One measure of this is “Raw Off-Target”, which we calculate as the dispatch target (what AEMO thinks the generator will do) compared to what it actually generated at the end of the dispatch interval – also taking into account any Regulation FCAS enablement allowances. It’s expected that there will be some uncertainty in the output of wind and solar farms given the uncertain fuel inputs, and the NEM can manage small deviations through existing FCAS services, but larger deviations (especially above 300 MW) can be risky to power system security. This chart below shows the aggregate off-target across semi-scheduled units (wind and solar farms that receive a dispatch instruction from AEMO), where a positive is under-generation and negative is over-generation – from Appendix 17. This is calculated in aggregate across all the semi-scheduled generators, so allows some over- and under-generation to cancel out. The darker colours indicate intervals where large deviations were seen. In the last few years it’s clear that there are fewer intervals with very low off-target, and many more in the 100-200 MW range, plus increasing incidence of higher-deviation intervals.
Wind and solar generators are now able to provide their own self-forecast to AEMO for the dispatch (5-minute-ahead) forecast, instead of AEMO’s AWEFS/ASEFS forecast. The first self-forecast used in dispatch was Tailem Bend solar farm in September 2019. The idea is that wind and solar farms have better information than AEMO on the local conditions and plant status and should be able to make better 5-minute-ahead predictions. More accurate dispatch forecasts would improve the aggregate off-target numbers shown above. In GenInsights21 we looked at the uptake of self-forecasting across wind and solar farms, finding that as at the end of September 2021 around 50% of solar farms and 40% of wind farms were using self-forecasting – from Appendix 6.
With increasing incidence of negative pricing and constraints, wind and solar farms are needing to be more sophisticated in their bidding strategies. In GenInsights21 we charted the number of rebids made by generation type, showing a large uptick in the number of rebids made by wind and solar in the last two years – from Appendix 22. Note that this is a log-scale chart!
We also tabulated our estimates from public data of which generators are using auto-bidders, and where we could tell, which auto-bidding supplier was used.

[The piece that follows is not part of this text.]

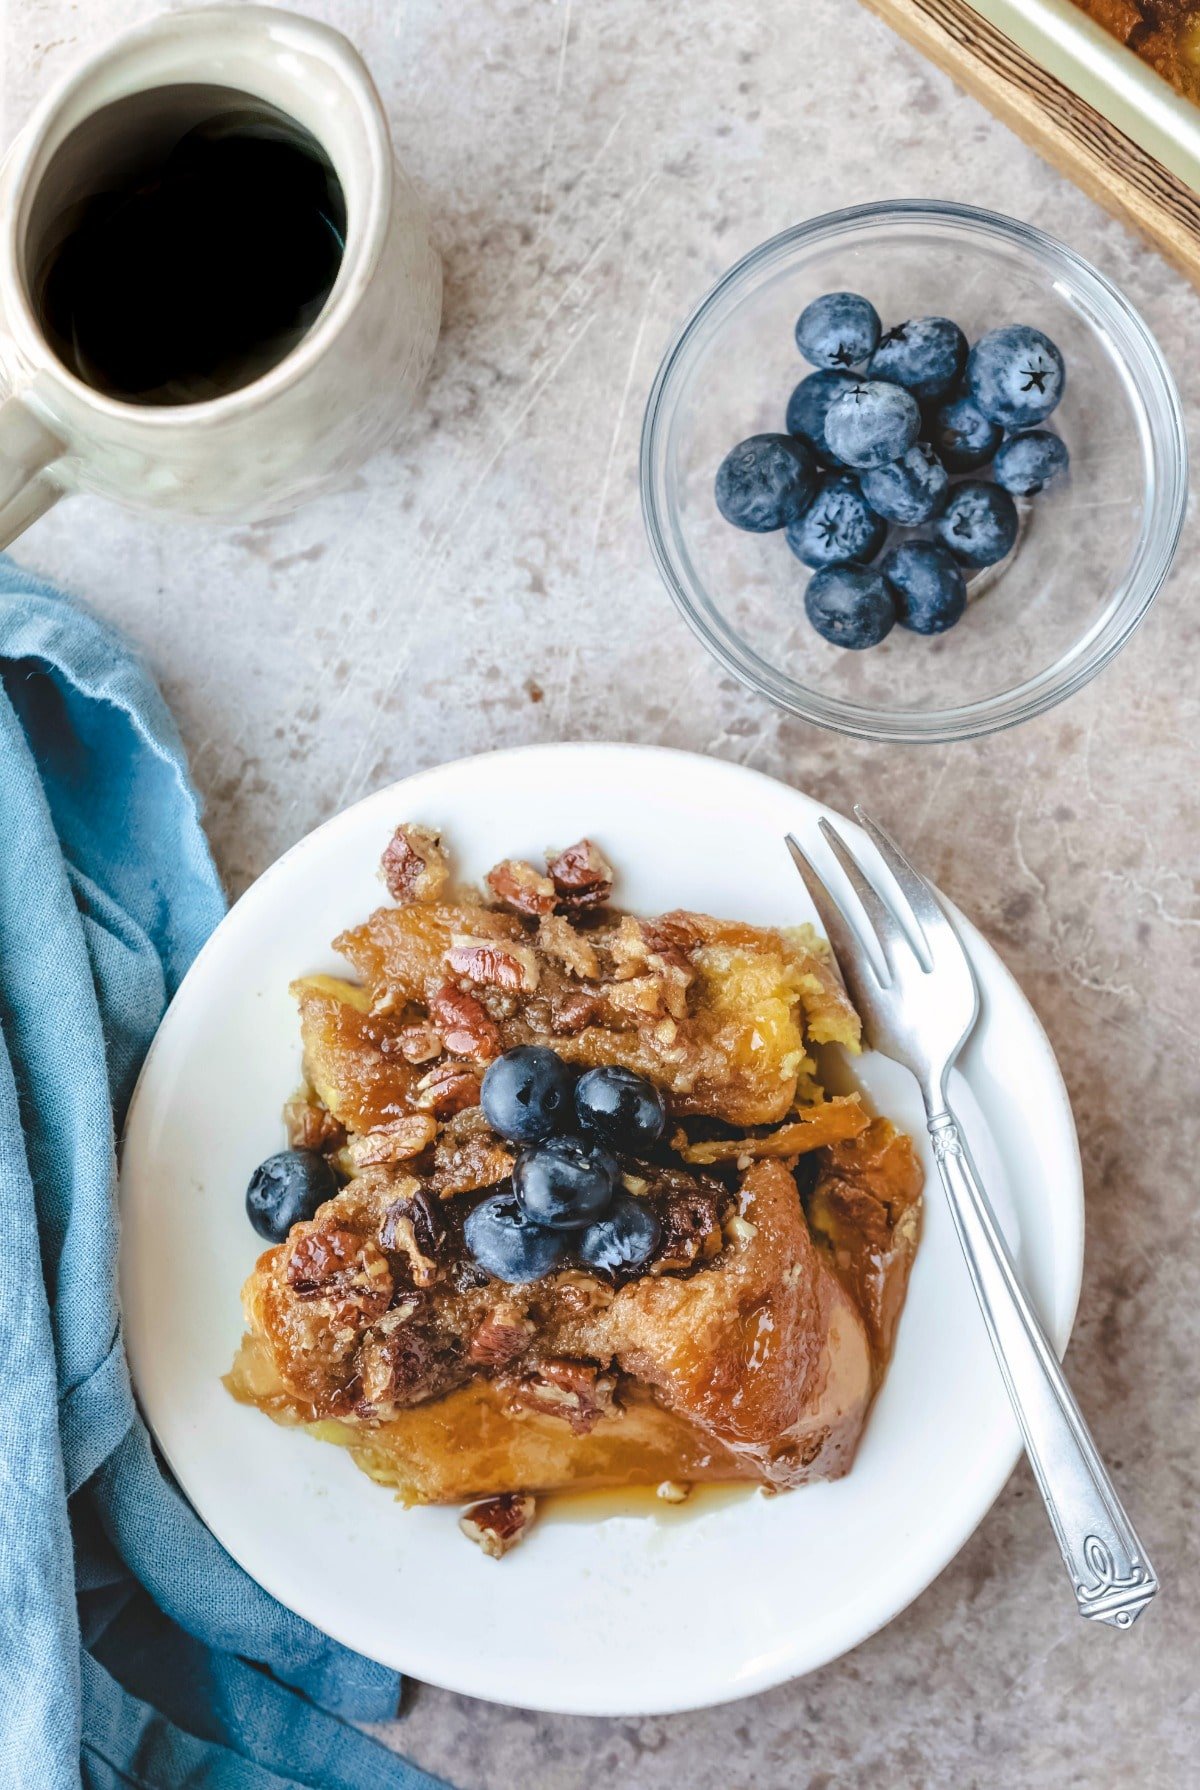 Plate of praline french toast next to a glass dish with blueberries

Other challenges towards 100% renewables
What is meant by 100% renewables?
We have Appendix 26 in GenInsights21 that tries to untangle what’s meant by this – with one major distinction being between instantaneous or sustained 100% renewables.
Getting to zero-thermal
In July 2021 AEMO’s new CEO Daniel Westerman talked about a 100% instantaneous renewables scenario by 2025. GenInsights21 considered some of the major barriers, finding that there would likely at current installation rates be sufficient renewable capacity to meet this goal, in the right conditions (remember this is instantaneous, not sustained), but that getting the thermal units down to zero would be a much harder proposition. Challenges to reach zero-thermal include the need for system security services such as inertia and system strength, the current low participation in FCAS provision by wind and solar, and the limited ramping capabilities of thermal plant (to come back up as the renewables came off).
Considering the concept of 100% sustained renewables (or somewhere near it), GenInsights21 Appendix 27 analyses historical wind speed data at hundreds of weather stations across the NEM to find the prevalence of “wind drought” periods, similar to June 2017 where some wind farms generated a third of their median generation for the month.
There were two other “droughts” identified in the past 15 years, in July 2006 and May 2010, where our estimated 30-day average capacity factor (for hypothetical wind farms) was similar to that of June 2017.